WORK REQUIRED: Below, some lines carry pictures; leave those pictures out and retype exactly the lines from the one with "Ettermiddagskonsert på Serena" through the one with "moon on night sky".

THE DATA:
+++

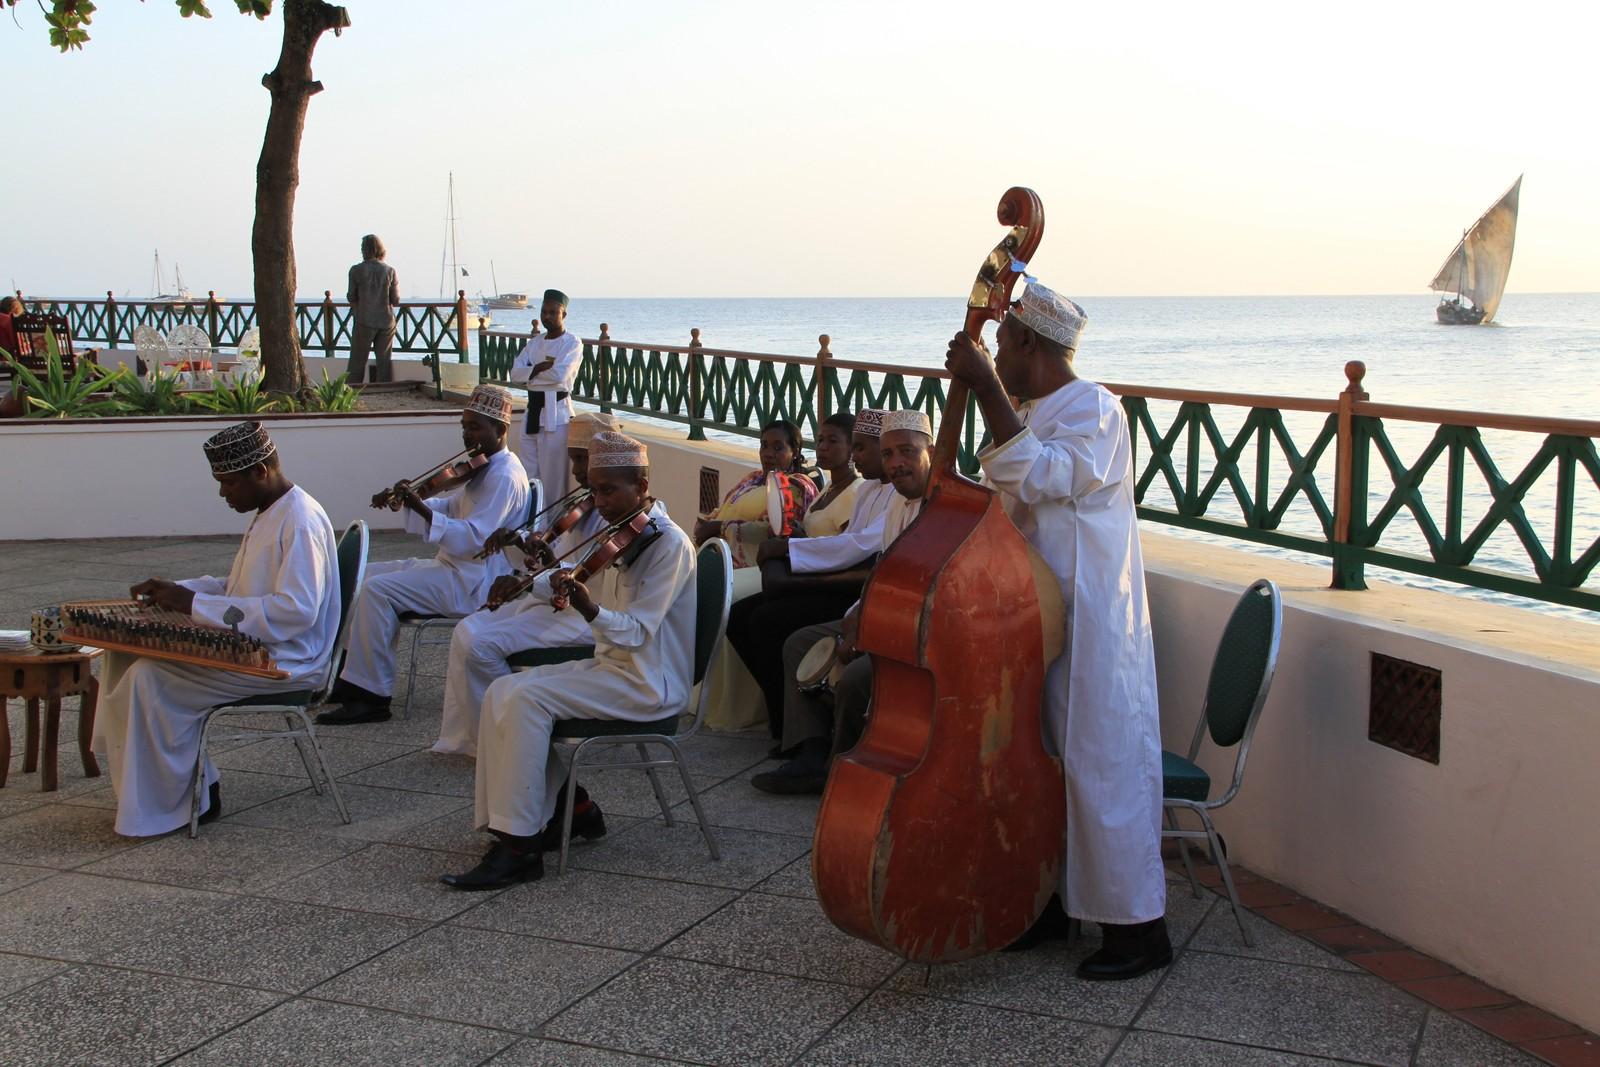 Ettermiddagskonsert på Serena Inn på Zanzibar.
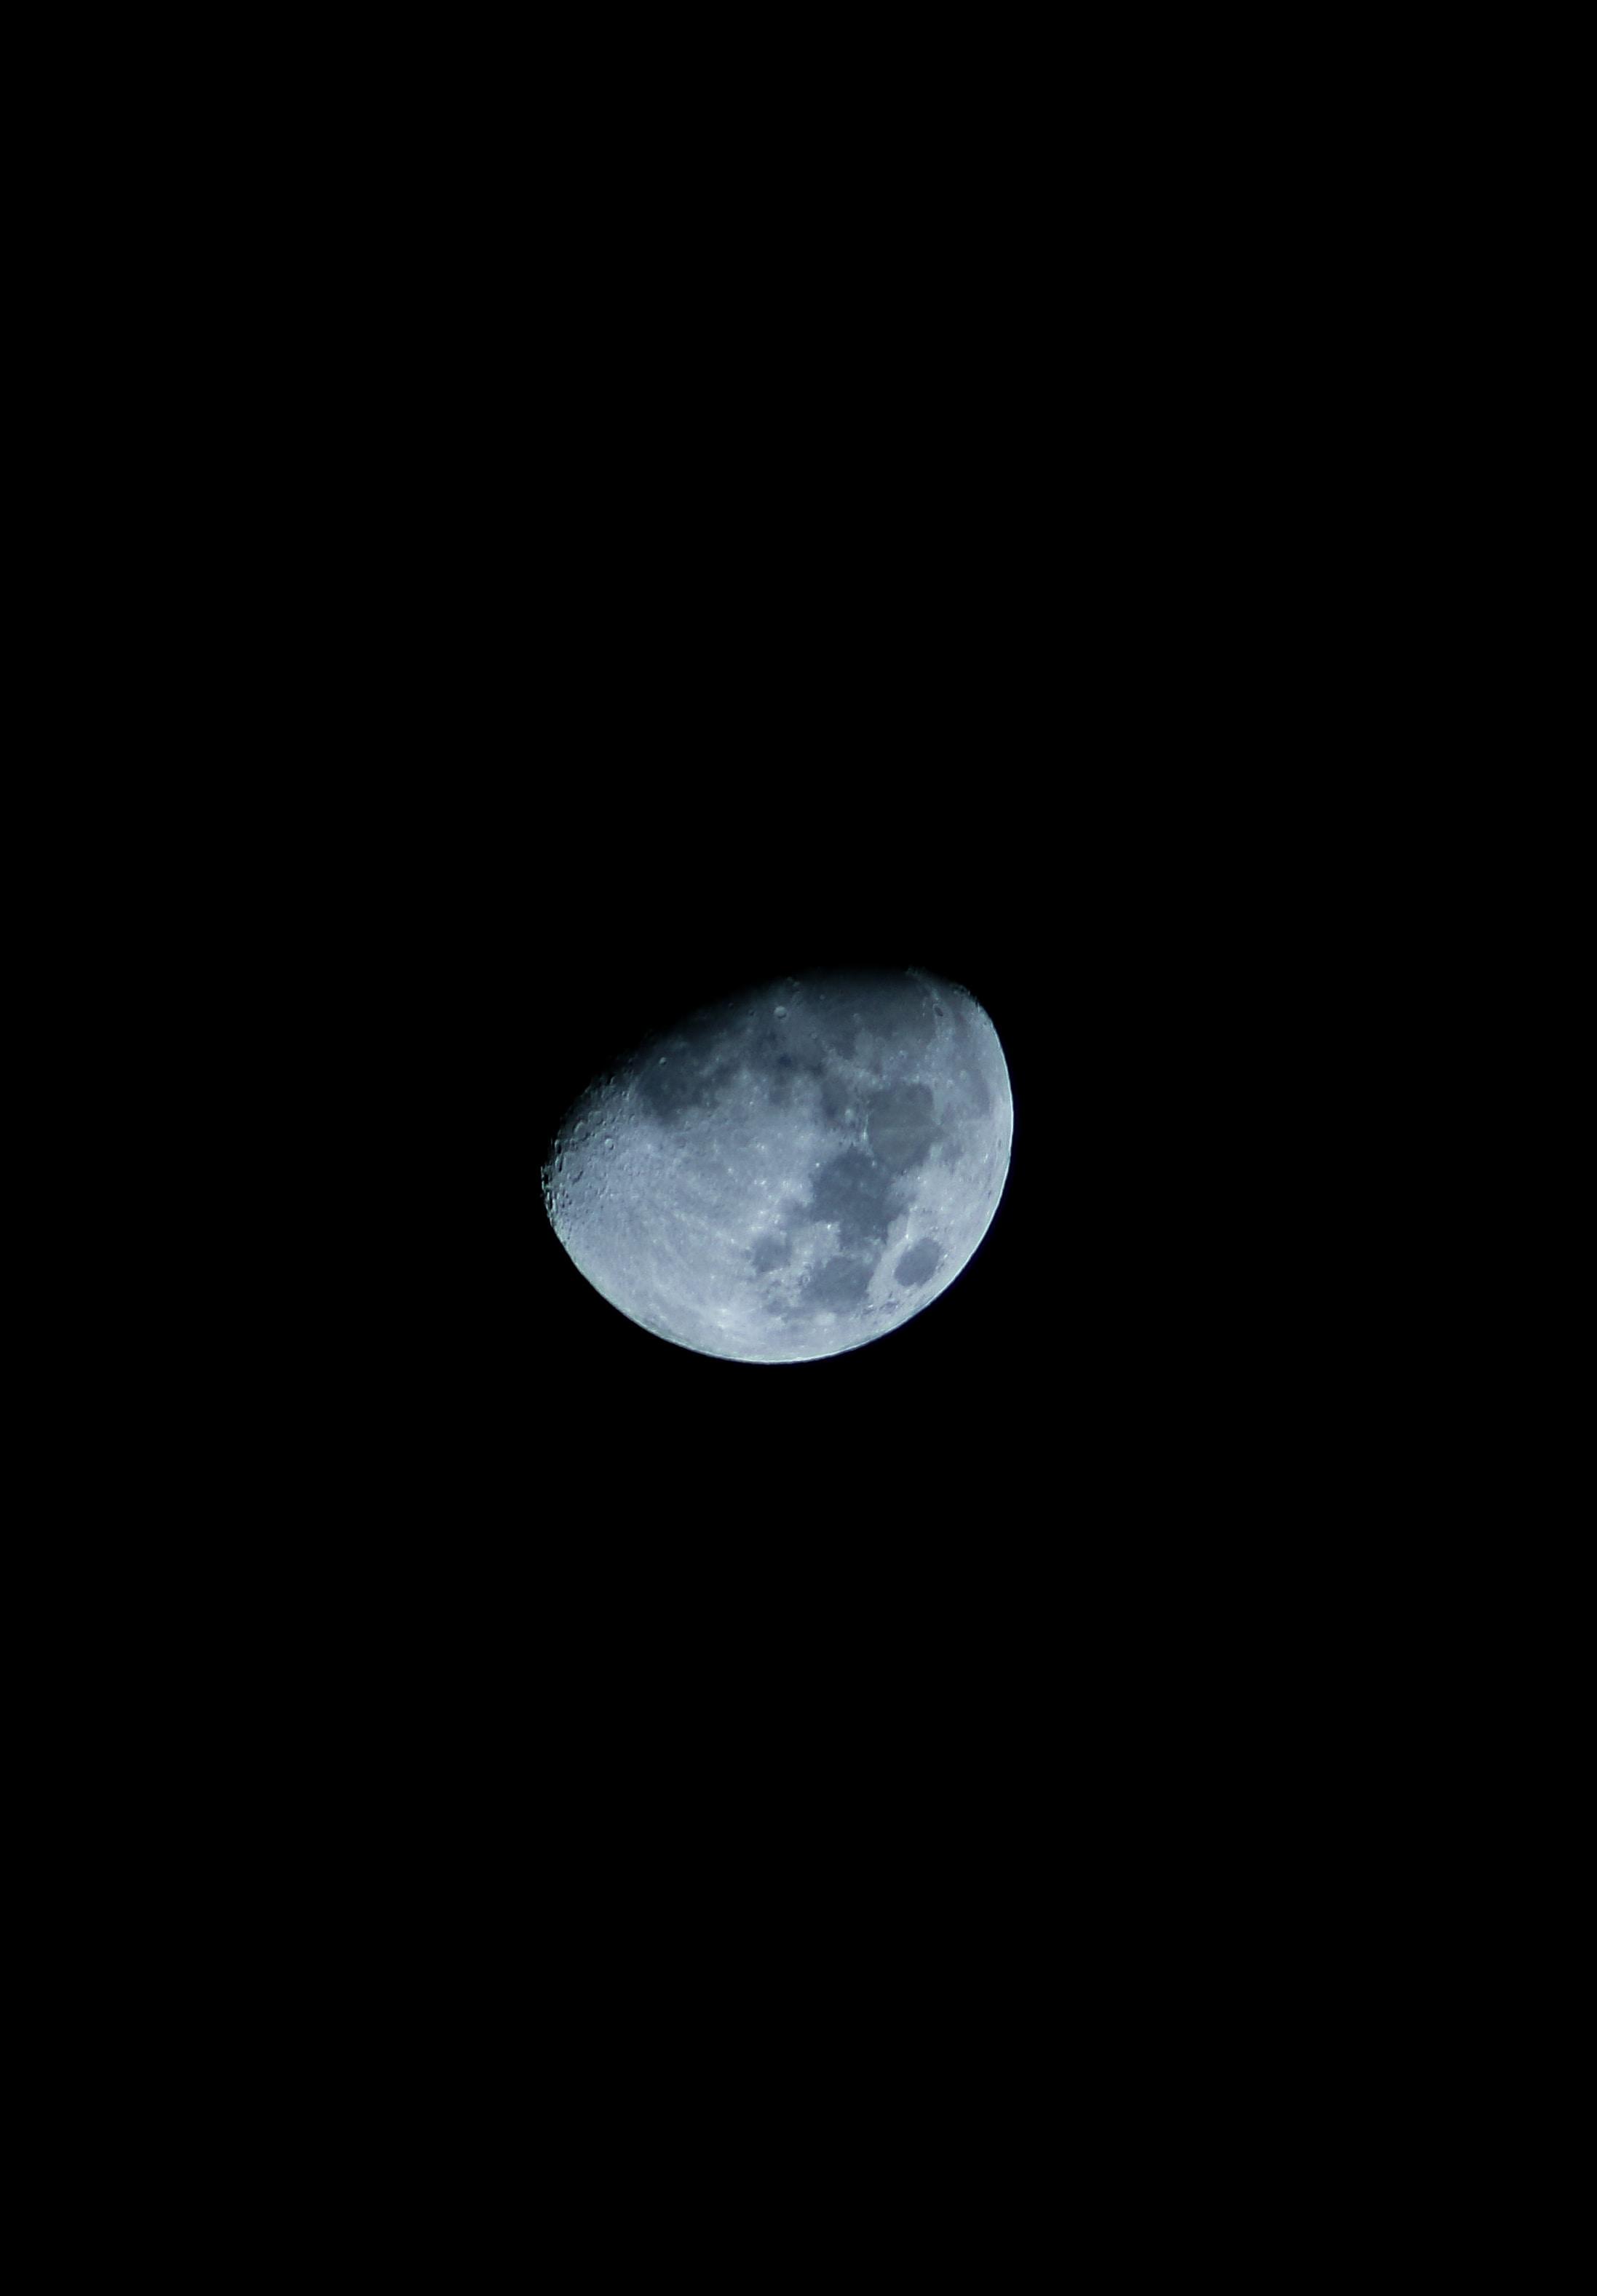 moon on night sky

+++

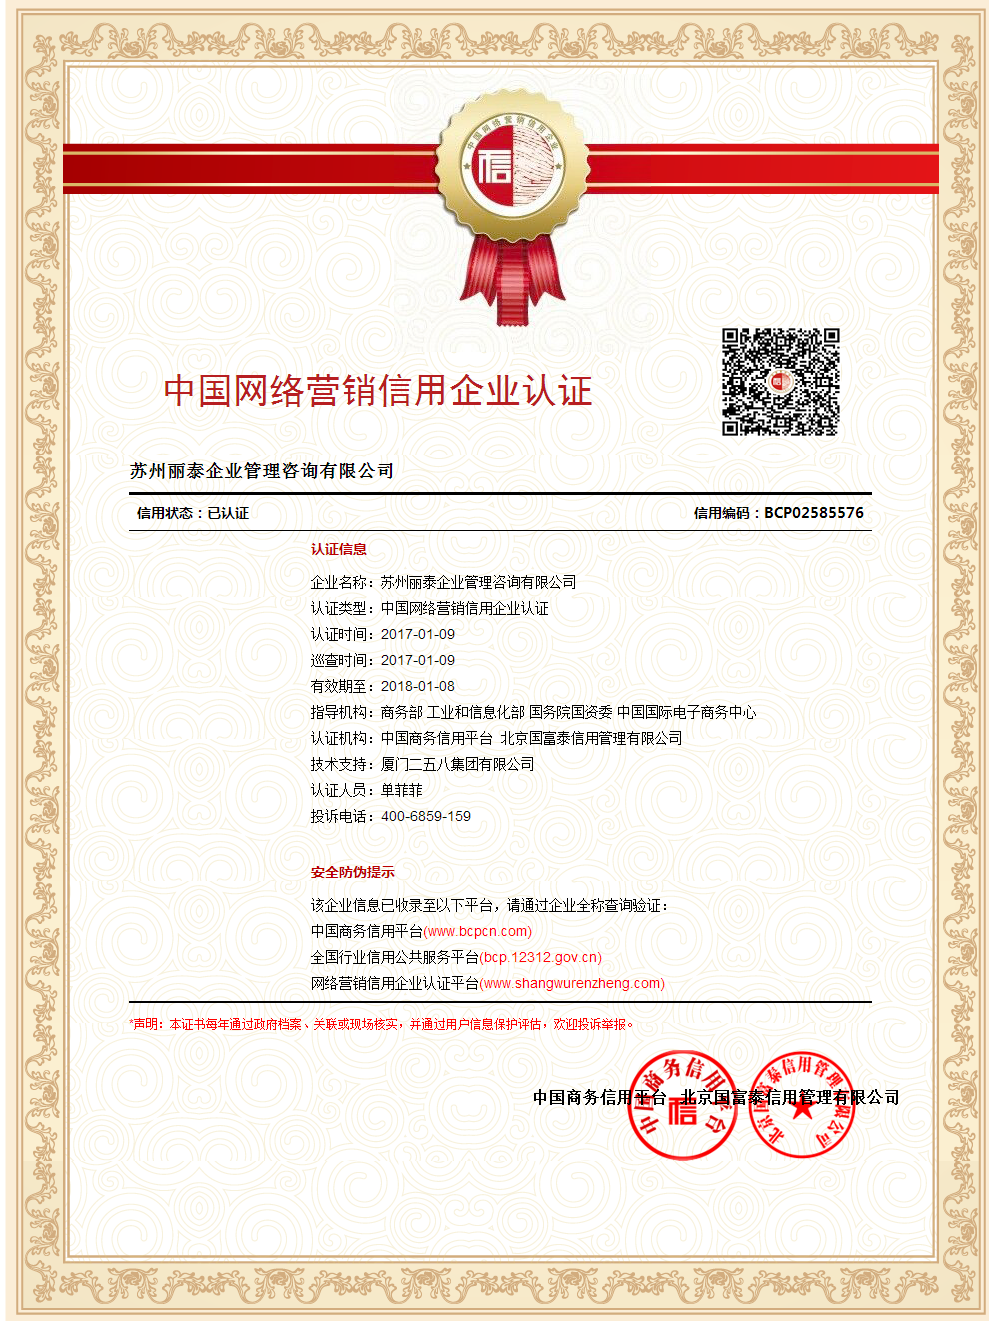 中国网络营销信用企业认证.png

+++

SOLUTION FOR THIS EXERCISE:
 Ettermiddagskonsert på Serena Inn på Zanzibar.
 moon on night sky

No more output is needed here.